外発的動機づけも短期的には力を発揮する要因になります。しかし長続きしないのが弱点です。試合に出られなくなったり、褒められなくなった瞬間、モチベーションは急落してしまいます。

一方で、内発的動機づけを持っている選手は、自分自身の喜びや成長を原動力にしているため、困難な状況でも粘り強く努力を続けられます。

つまり、指導者が本当に育てたいのは「自ら動ける選手」であり、そのためには内発的動機をいかに育むかが重要になるのです。

2. 「やらされ感」が生まれる背景

ではなぜ、“やらされ感”の状態に陥ってしまうのでしょうか。主な背景には次のようなものがあります。

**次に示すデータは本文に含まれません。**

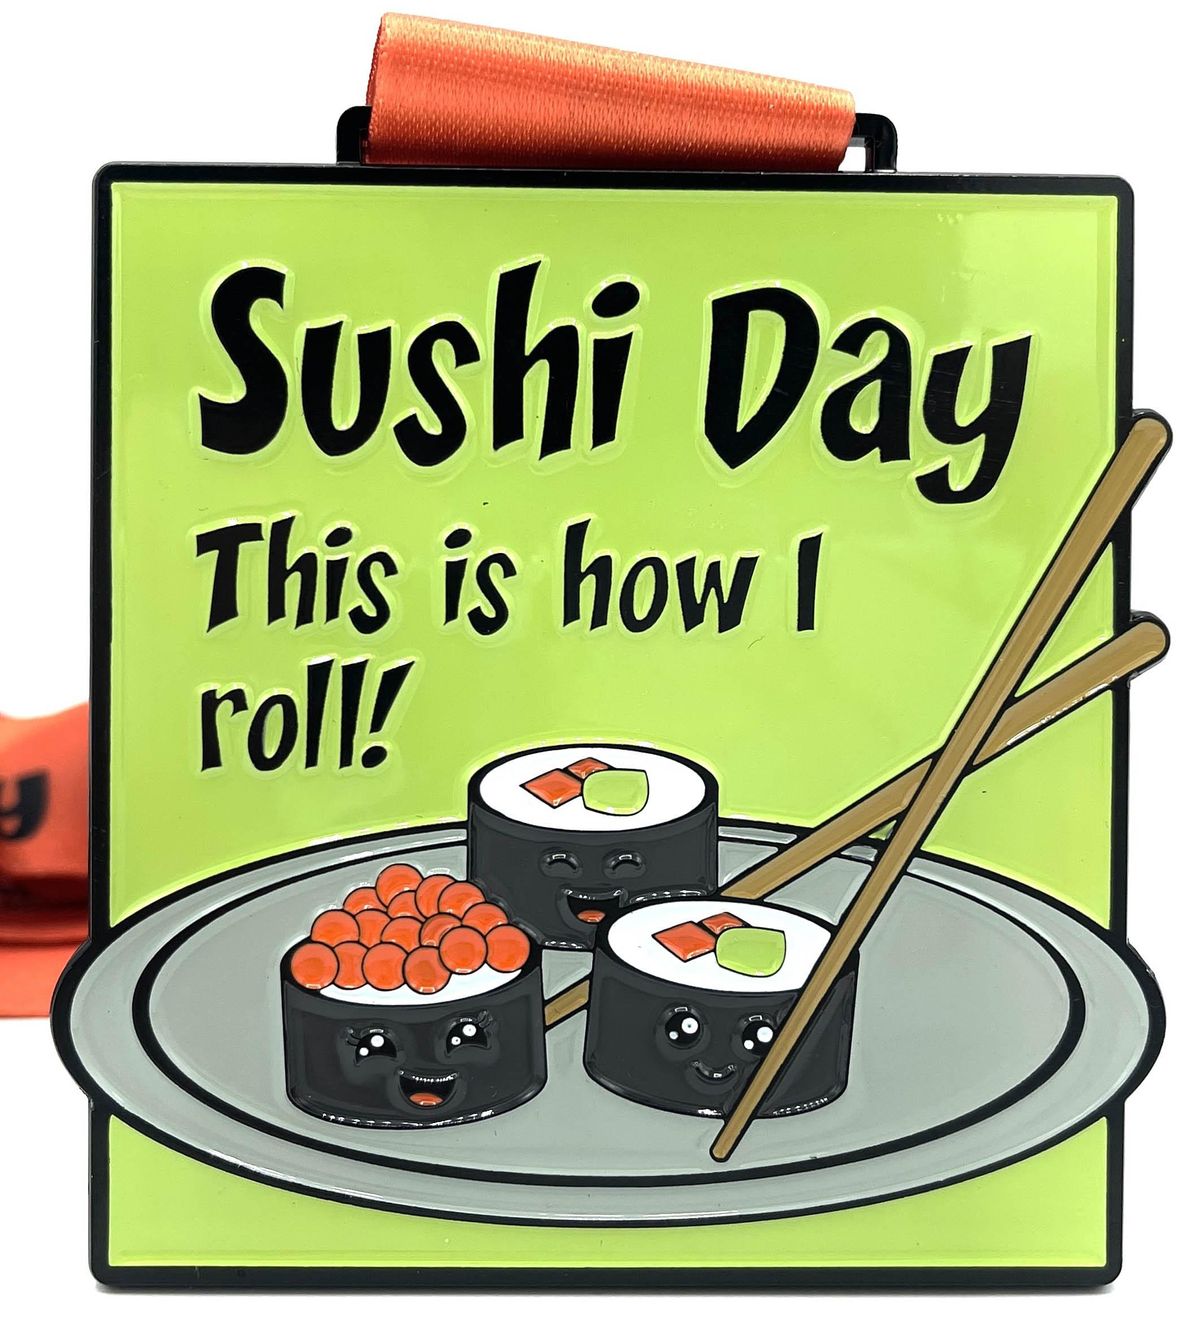 2021 Sushi Day 1M 5K 10K 13.1 26.2-Participate from Home. Save $5!

指導が「指示」や「命令」に偏り、選手が自分で考える余地がない
結果や評価ばかりを強調され、失敗を恐れる気持ちが強まる
「自分で選んでいる」という感覚がなく、常に受け身になっている
成長を実感できず、努力の意味を見失っている

これらの状況では、選手は「やらされている」と感じ、練習や試合が義務感でしかなくなってしまいます。すると、短期的には指導者の指示で動けても、長期的には自らの力を発揮する場面で伸び悩んでしまうのです。

3. 内発的動機を引き出す3つの鍵

心理学者エドワード・デシとリチャード・ライアンが提唱した「自己決定理論」では、人が内発的に動くために必要な要素として、次の3つを挙げています。

(1)自律性

「自分で選んでいる」という感覚を持てること。
→ 練習メニューの一部を選ばせたり、役割を自分で決めさせたりすることで育まれます。

(2)有能感

「自分はできる」「成長している」と実感できること。
→ 小さな成功体験を積み重ねる声かけや、成長の過程を具体的にフィードバックすることが有効です。

(3)関係性

仲間や指導者とのつながりを感じられること。
→ チームでの役割を明確にし、互いに認め合える雰囲気を作ることで強まります。

この3つが満たされると、選手は「やらされている」状態から「自らやりたい」と感じる方向にシフトしていきます。

4. 現場でできる具体的な工夫

理論を理解した上で、実際の現場ではどのようなアプローチができるでしょうか。いくつかの具体例を紹介します。

練習メニューに選択肢を与える
「今日はドリブルかパス練習、どちらを先にやるか選んでいい」といった小さな選択肢で十分です。自律性を感じやすくなります。

成長の“過程”を認める
「まだ成功していないけど、前よりスピードが上がったね」といった声かけで、有能感を高めます。

役割を与える
「今日は守備の声出しリーダーを任せる」といった役割は、チームへの貢献感を育みます。

質問で考えさせる
「今のプレー、他にどんな選択肢があった?」と問いかけることで、自ら考え行動する習慣を促します。

こうした工夫の積み重ねが、選手の「自分で動きたい」という気持ちを呼び覚ましていくのです。

5. 選手が自ら動き出す瞬間

やらされ感の強い選手でも、ある日突然、自ら動き出す瞬間があります。

それは、

自分の成長を実感したとき
チームに貢献できた喜びを味わったとき
指導者や仲間に認められたとき

などです。

その瞬間、選手の目の輝きが変わります。指示を待つのではなく、自ら工夫して動き出す姿に変わるのです。

指導者にとって、その変化を見届けることこそ大きな喜びではないでしょうか。

内発的動機づけを引き出す方法

“やらされ感”のある選手を責めるのではなく、なぜそう感じているのかを理解し、内発的動機づけを引き出す環境を整えることが指導者の役割です。

「自分で選びたい」「できるようになりたい」「仲間とつながりたい」この3つの欲求を満たす工夫を重ねていくことで、選手は必ず変わります。

そして、自ら動き出す選手が増えるチームこそ、本当の意味で強くなるチームなのです。